Within a few minutes, the helicopter clatters over a second group near Wabakimi Lake. The leader looks up and tosses his antlers. Behind him, three caribou dance skittishly in the snow. “Think we’re spooking them?” Dickey asks.
“Not at this distance,” Carr replies.
Then as the helicopter swings north, Kingston spots a pink smear on the ice. Closing in to investigate, we see the stain become a carcass, circled by two smaller figures, one dark, the other a striking tawny red. Wolves at the kill.
“Wolves don’t like to share,” Dickey says, looking for a safe place to land as the predators lope away.
“They aren’t going very far,” adds Kwandibens. Only when the helicopter makes another low sweep does the pair sprint for cover on the opposite shore.

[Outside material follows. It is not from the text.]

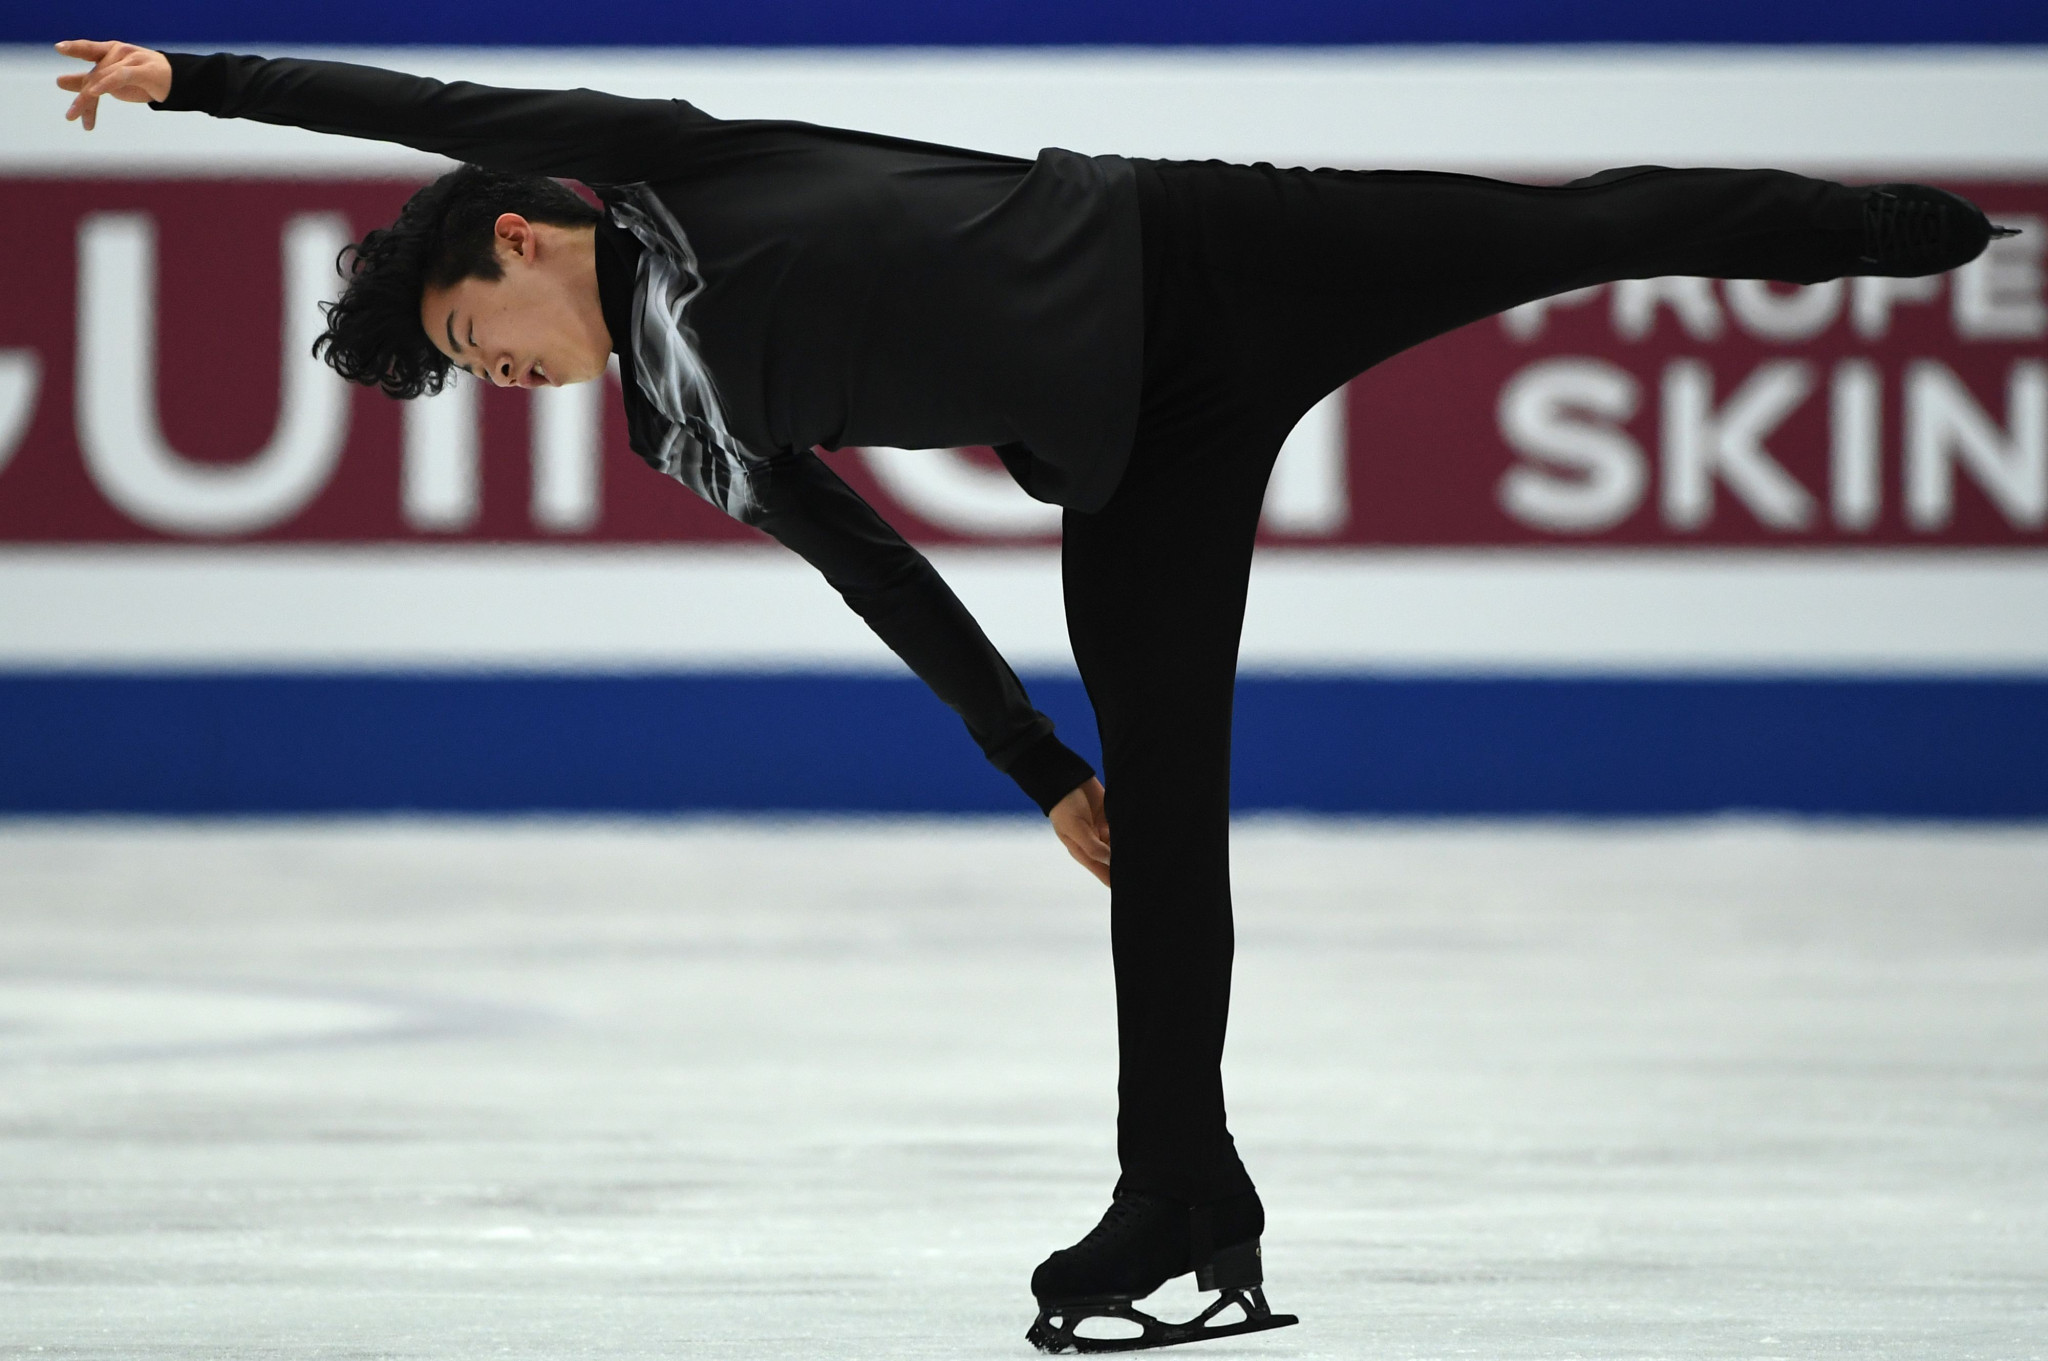 Nathan Chen captured his third Skate America title last month ©Getty Images
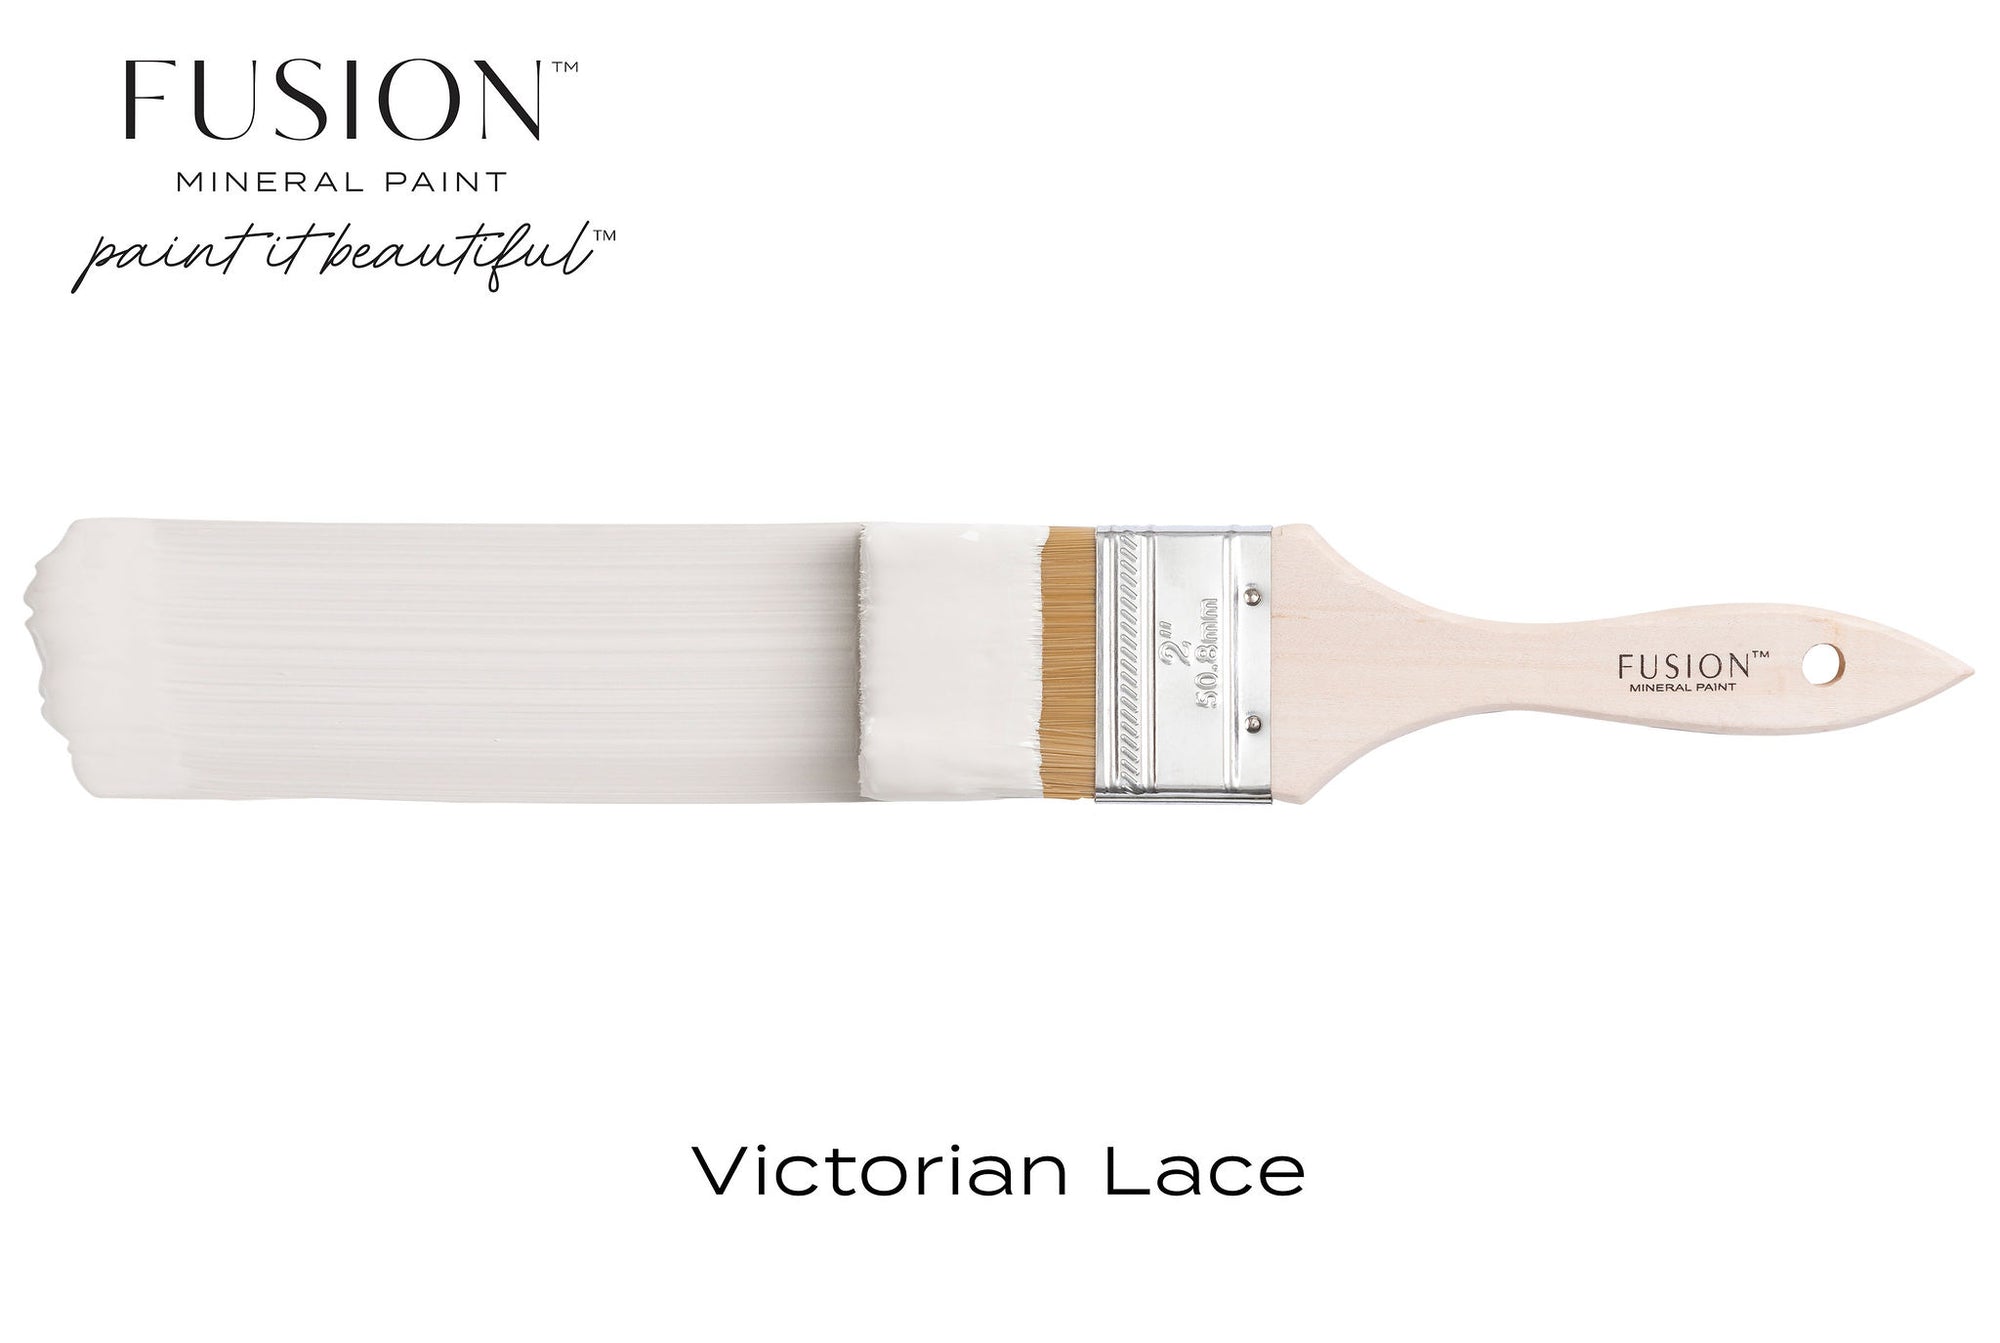 Victorian Lace-Fusion Mineral Paint - TJ's Treasures & Custom Creations

Out on the frozen lake, Carr gets to work, reconstructing how the caribou died and tearing off a chunk of its flank for DNA testing. Surprised by the predators and separated from the herd, this animal made its last stand on the lake, trampling the snow as it fought off a circle of wolves. At some point a big gray wolf caught the quarry by the throat, crushing its windpipe and taking it down. The wolves we saw might not even be the perpetrators, Carr adds. The actual killers could be sleeping off the feast, while the duo we chased away were merely scavengers. True enough, after takeoff, we see three more wolves lounging in the sun on Finton Lake. The leader – a big, dark gray wolf – snarls, hair bristling on its back. The other wolves stretch and slink toward the bush.